WORK TO BE COMPLETED ▸ Each line from the one containing "Square-shaped horn-rimmed eyeglasses." to the end of the data must be copied exactly, the first and last included; no other lines and no pictures belong in the copy.

#### DATASET SECTION ####

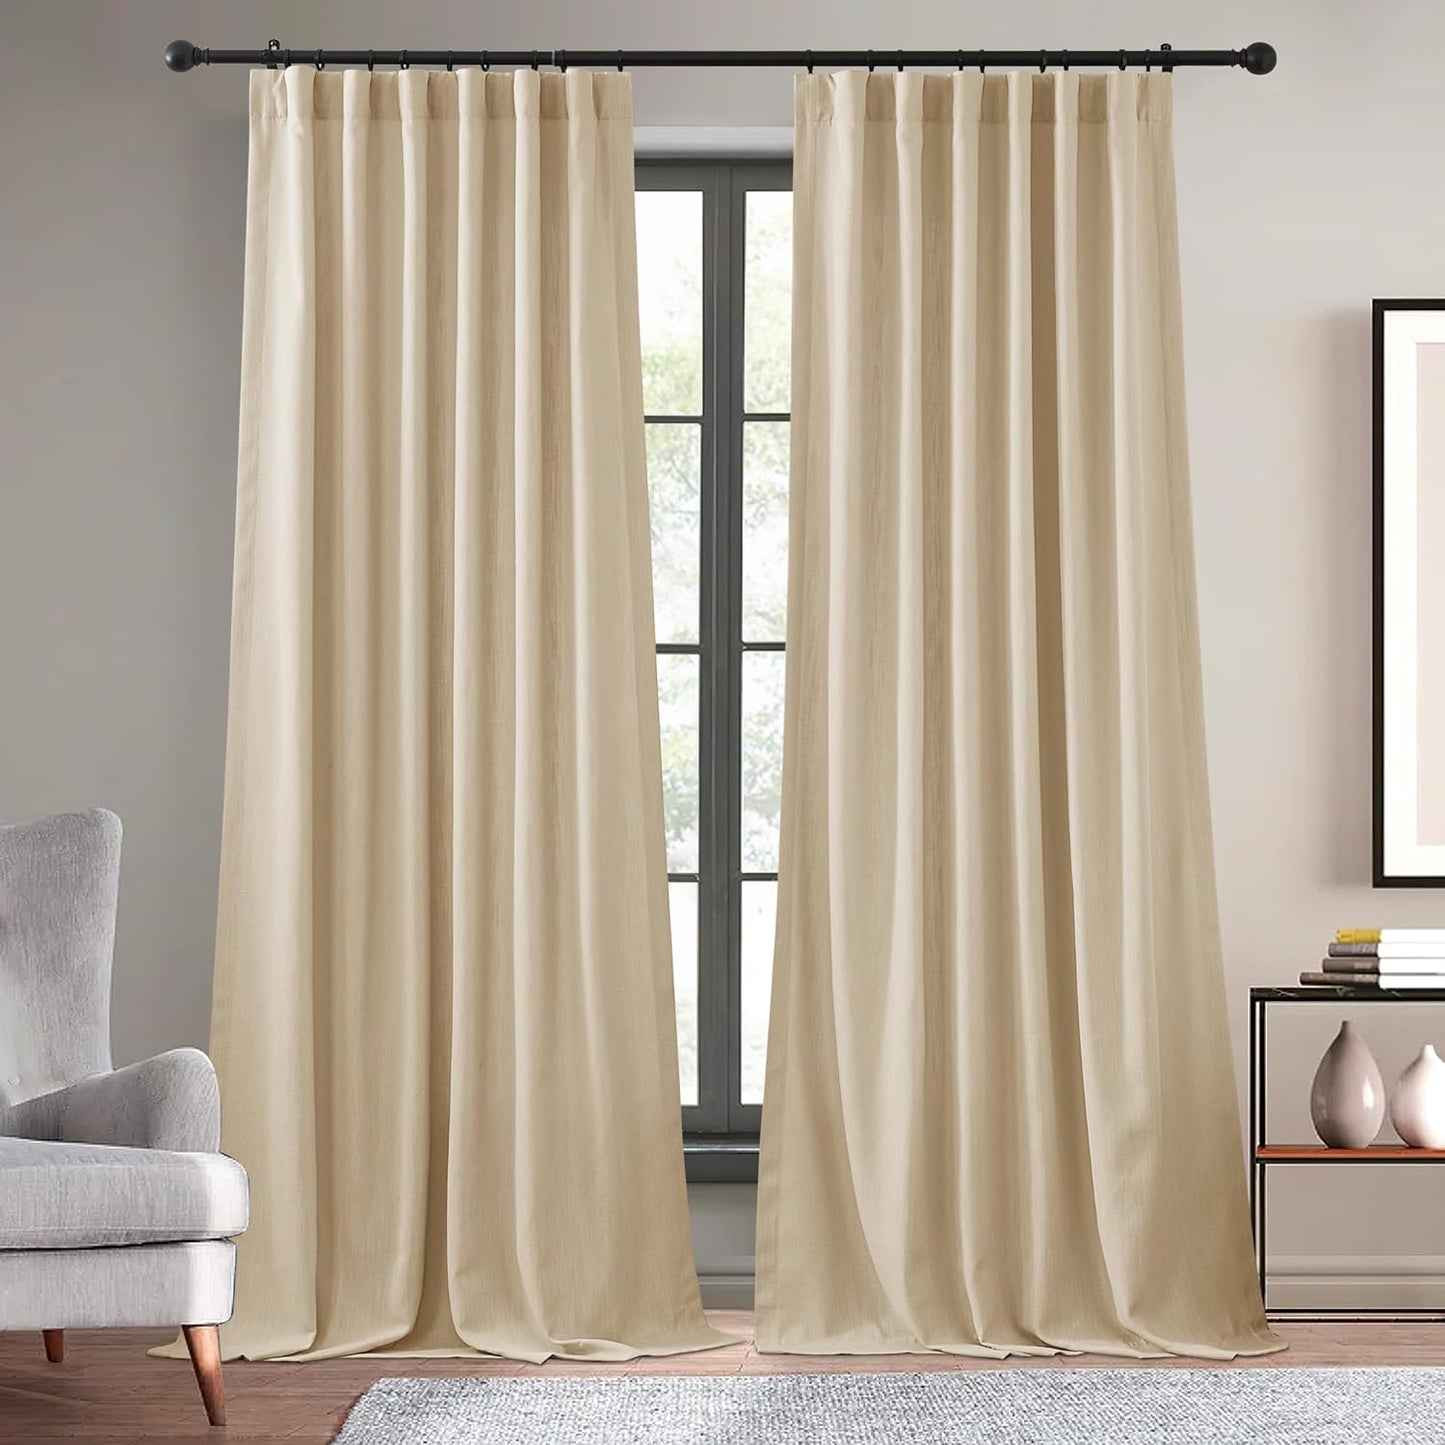 KGORGE Thick Faux Linen Weave Textured Curtains for Bedroom Light Filtering Semi Sheer Curtains Farmhouse Decor Pinch Pleated Window Drapes for Living Room, Linen, W 52" X L 96", 2 Pcs  KGORGE Thatched Tan W 52 X L 120 | Pair 
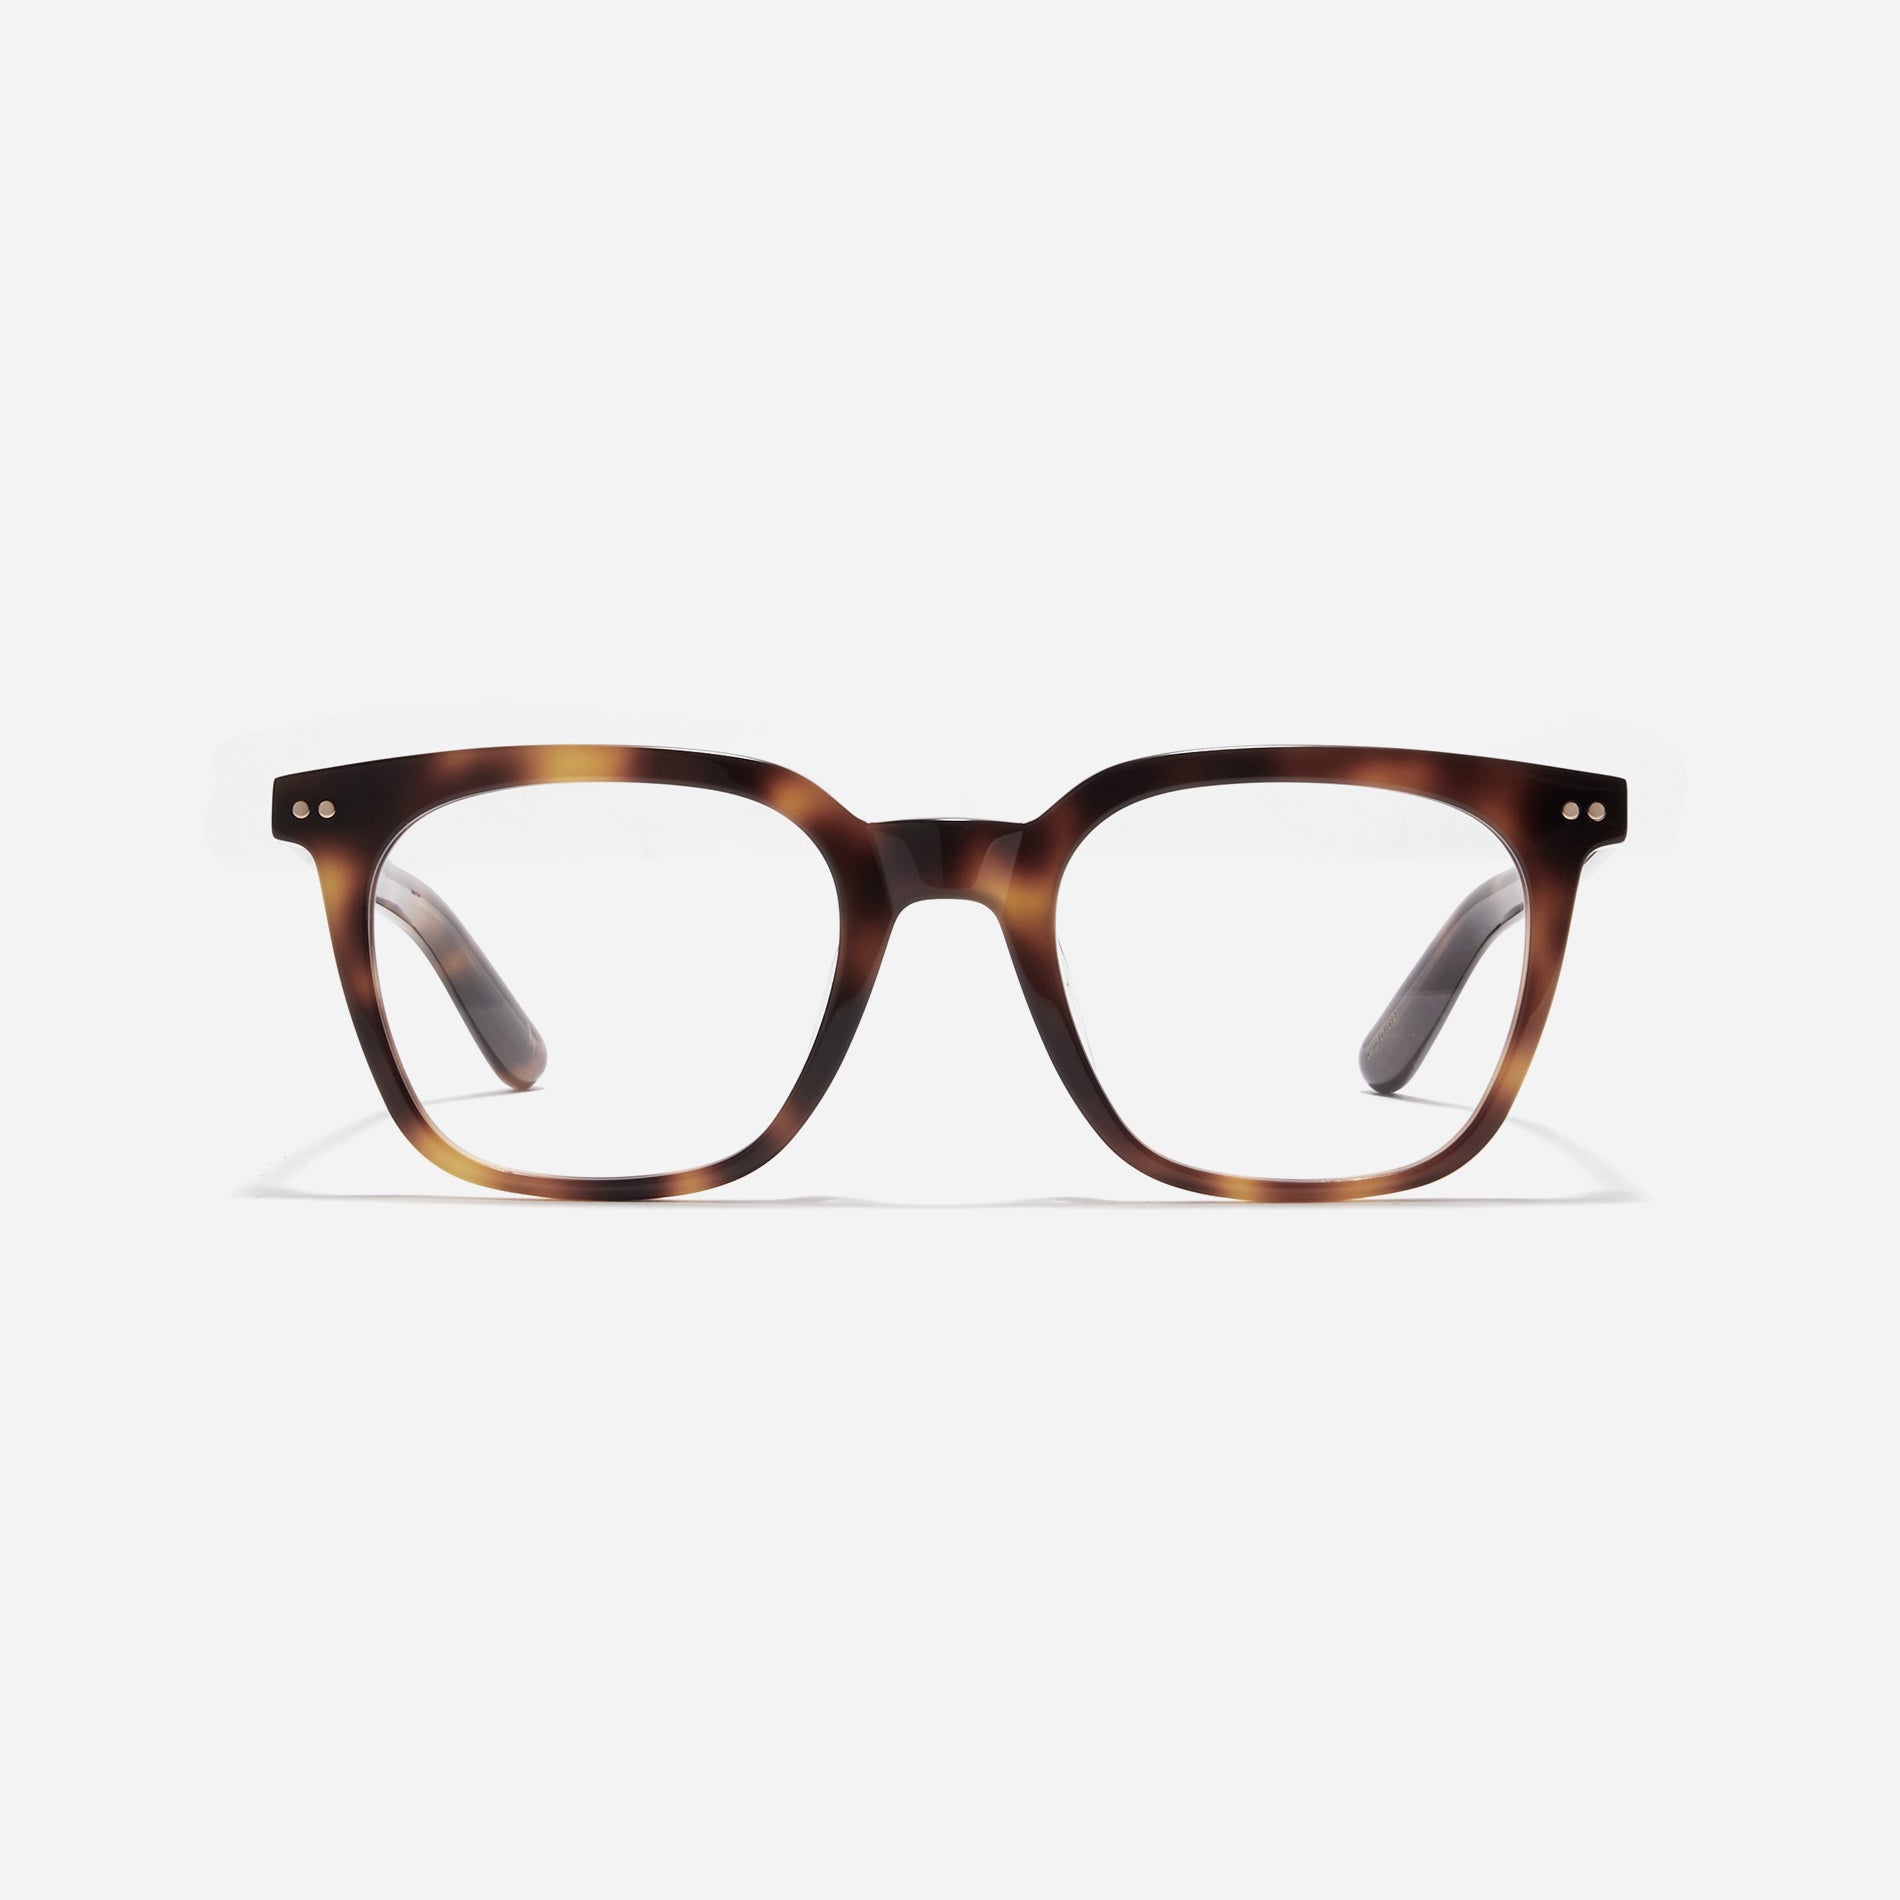 Square-shaped horn-rimmed eyeglasses. Embodying a modern reinterpretation of '91s retro vibes, their design is created for effortless styling. Featuring a distinctive bold frame and a stylish polygonal shape, these eyeglasses are available in a variety of colors.
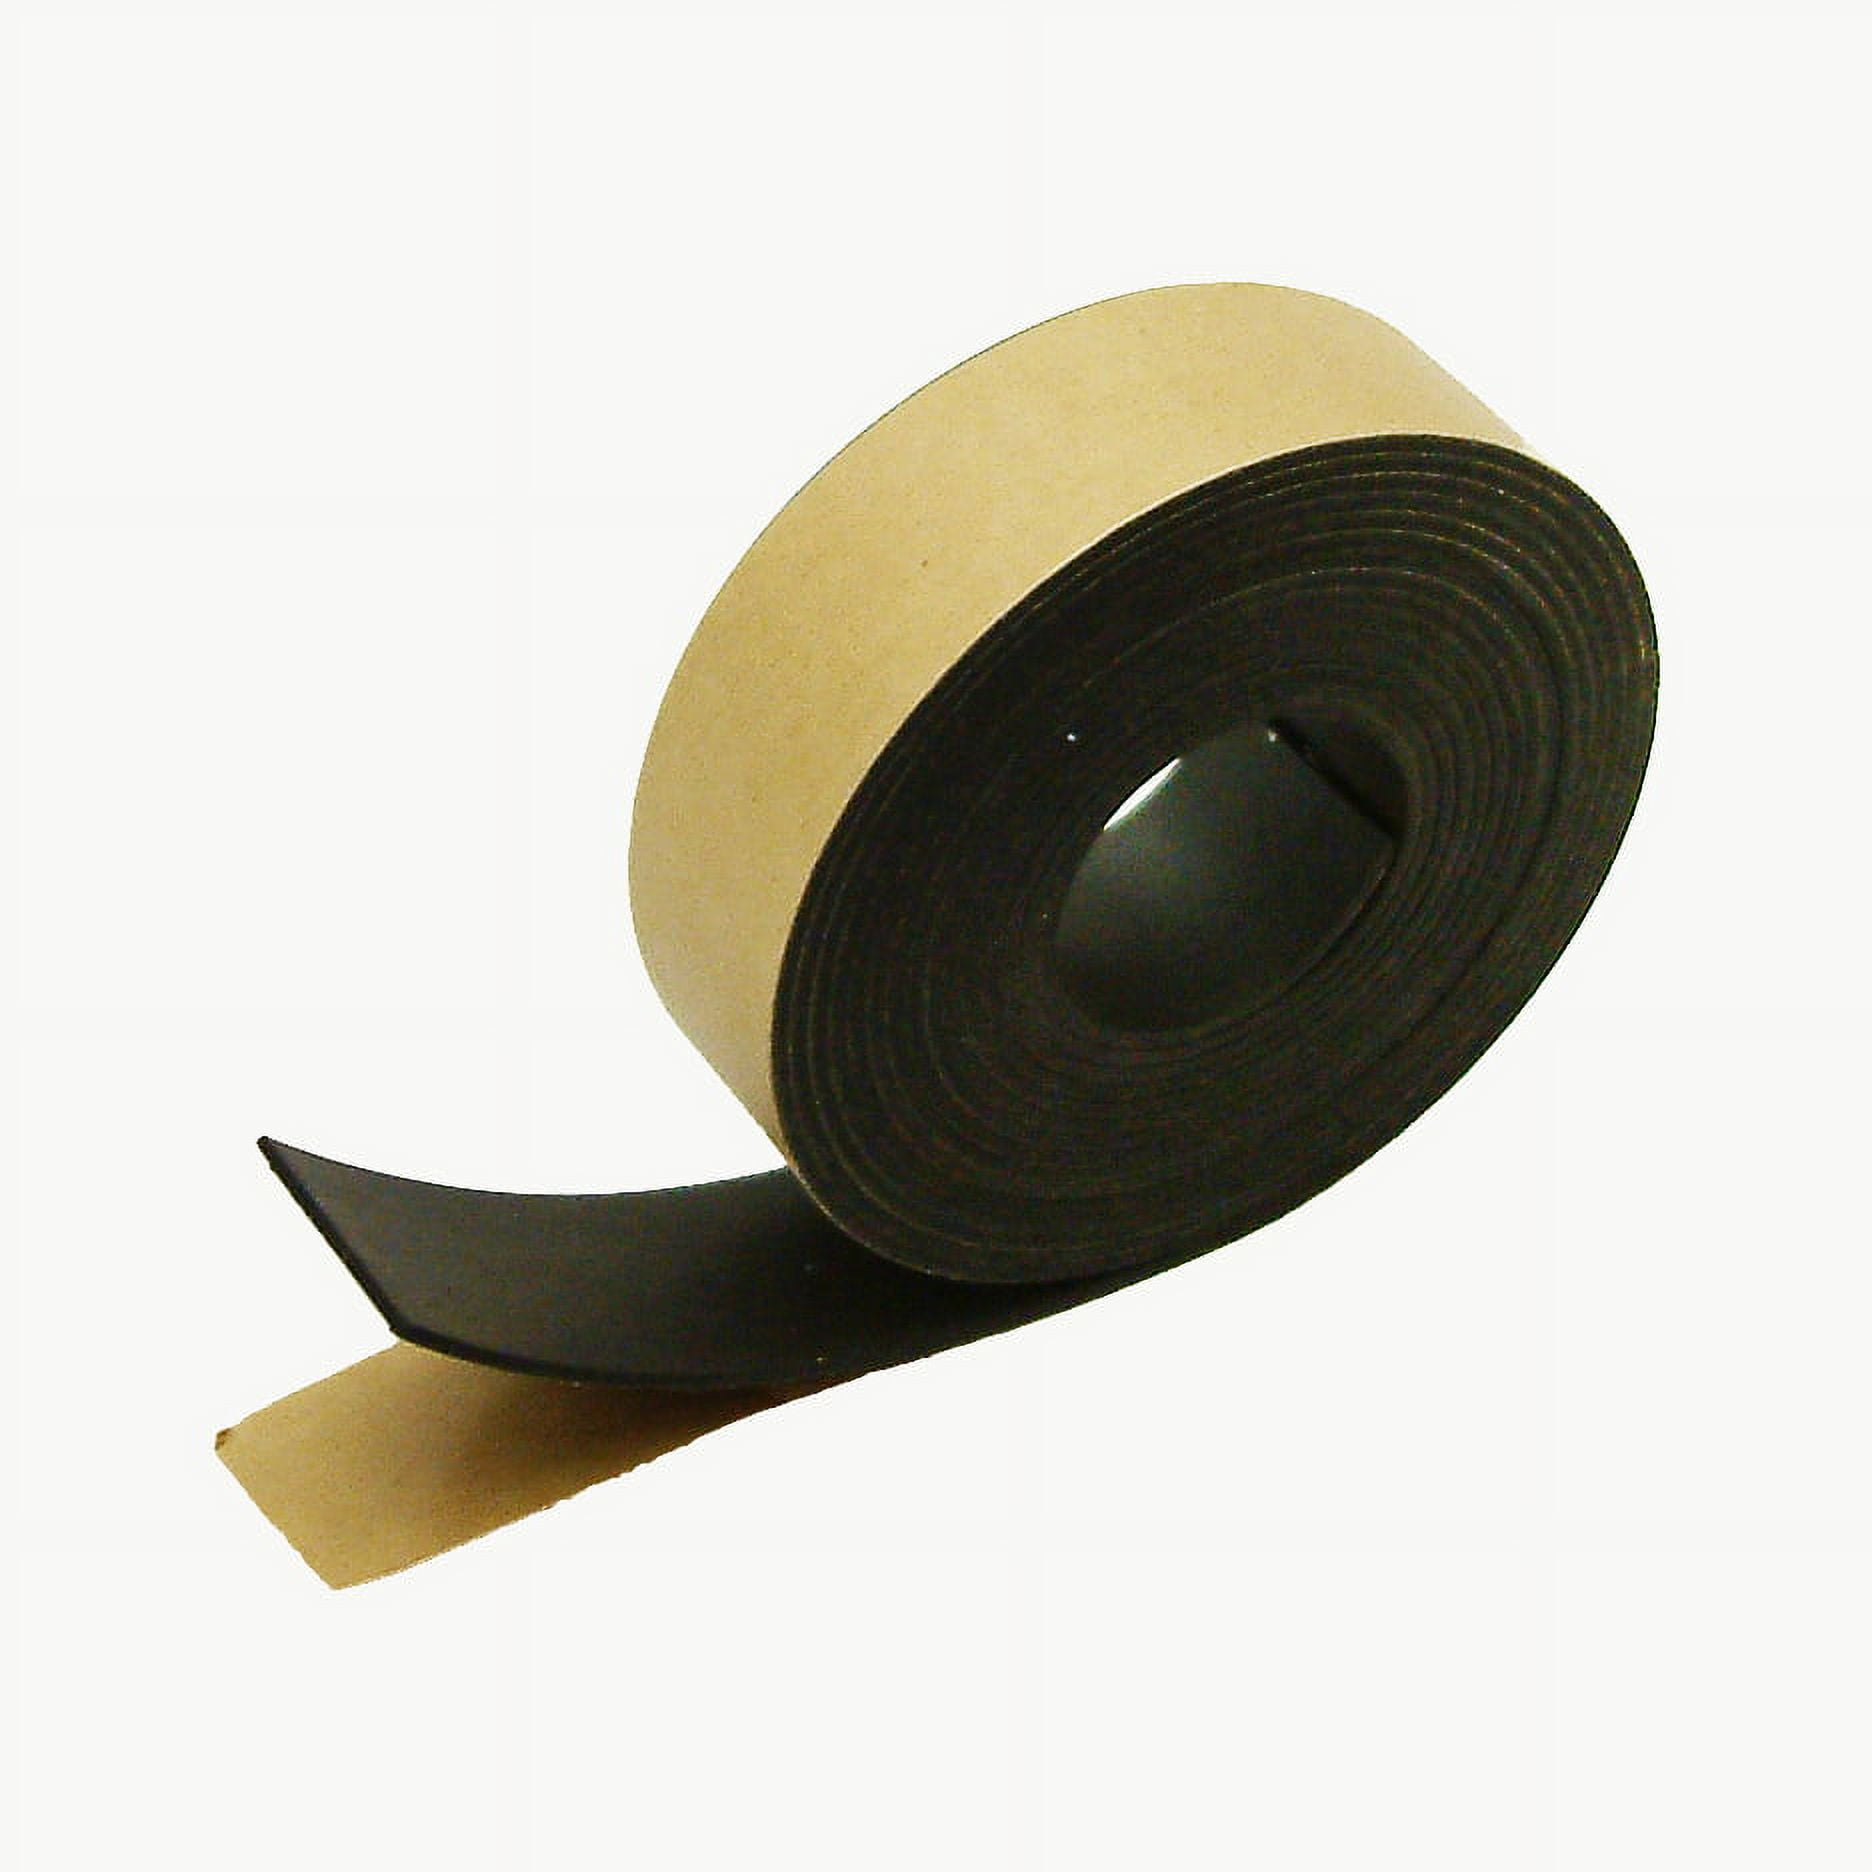 JVCC MAG-02 Magnetic Tape: 1/2 in x 10 ft. (Black)

####

SOLUTION TO THIS PROBLEM ▸
 Square-shaped horn-rimmed eyeglasses. Embodying a modern reinterpretation of '91s retro vibes, their design is created for effortless styling. Featuring a distinctive bold frame and a stylish polygonal shape, these eyeglasses are available in a variety of colors.
 JVCC MAG-02 Magnetic Tape: 1/2 in x 10 ft. (Black)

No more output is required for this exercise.